- cross-posted to:
- announcements
- cross-posted to:
- announcements
cross-posted from: https://discuss.online/post/4522403
We are thrilled to announce the upcoming release of Sublinks, a groundbreaking Link Aggregation Social Network, joining the Fediverse. This innovative platform is designed to revolutionize how we share and discover online. Our dedicated team of volunteer contributors has worked tirelessly, utilizing technologies like Java, Go, TypeScript, and HTML to bring this vision to life. Sublinks promises a user-friendly interface and robust features that cater to diverse online communities. Stay tuned for our launch date, and get ready to experience a new era of social link sharing!
Sublinks will have a fully compatible API with Lemmy so all current Lemmy apps will also work with Sublinks. In fact, discuss.online will switch to Sublinks to fully replace Lemmy once we reach our Parity Milestone.
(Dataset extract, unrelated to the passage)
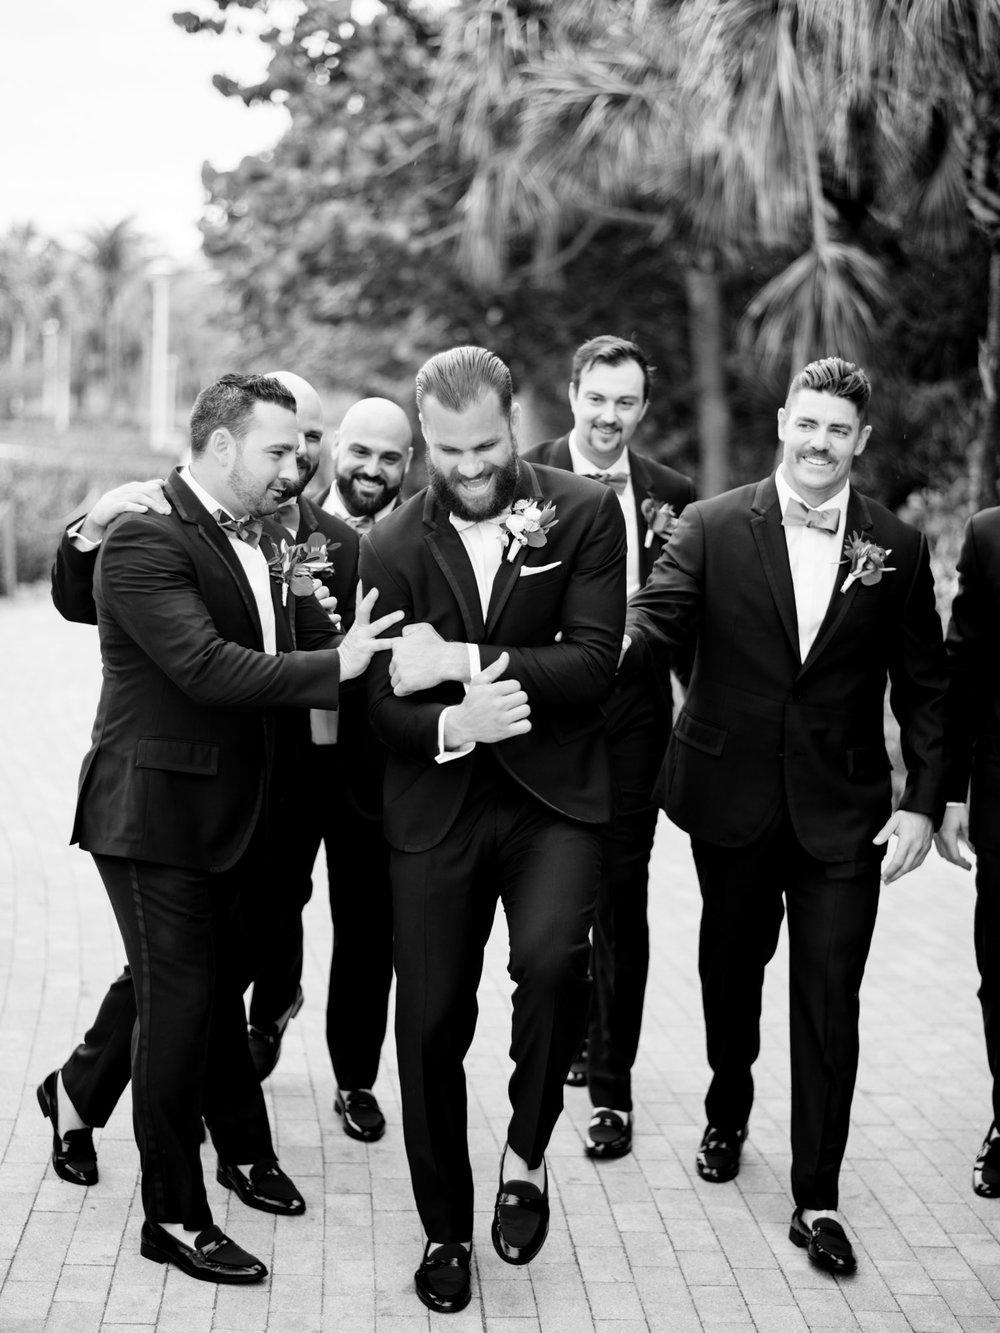 raleigh-miami-beach-destination-film-wedding-0891.jpg

For more information, visit GitHub - Sublinks and sublinks.org.
Stay tuned for more regular updates as we progress.
The front-end is coming later. It’s fully compatible with Lemmy’s API so the demo site currently uses the Lemmy front-end.
Makes sense, let us know about the progress on your project, seems promising!
Thanks a lot! There are currently 13 contributors; it’s coming together very quickly. I’m super excited.
Does that mean your frontend will also be compatible with a Lemmy backend?
We are creating a Sublinks specific API that is much more optimized than the Lemmy one. Our front-end will be using that. Also, we’ll have tons more features that the Lemmy core doesn’t support.
Not sure if you’re aware of what happened to .world for a few months. If you decide to ascribe any political philosophy or moderation ethics to sublinks, it may be worth checking out the attack vectors used over there. Optimizing sql lookups extendedly occupied the .world admins so you’re already a bit ahead of the curve there.
The LW admins have helped contribute to Sublinks. They’ve given me full support and access to all resources to help grow it. They’ve been extremely helpful.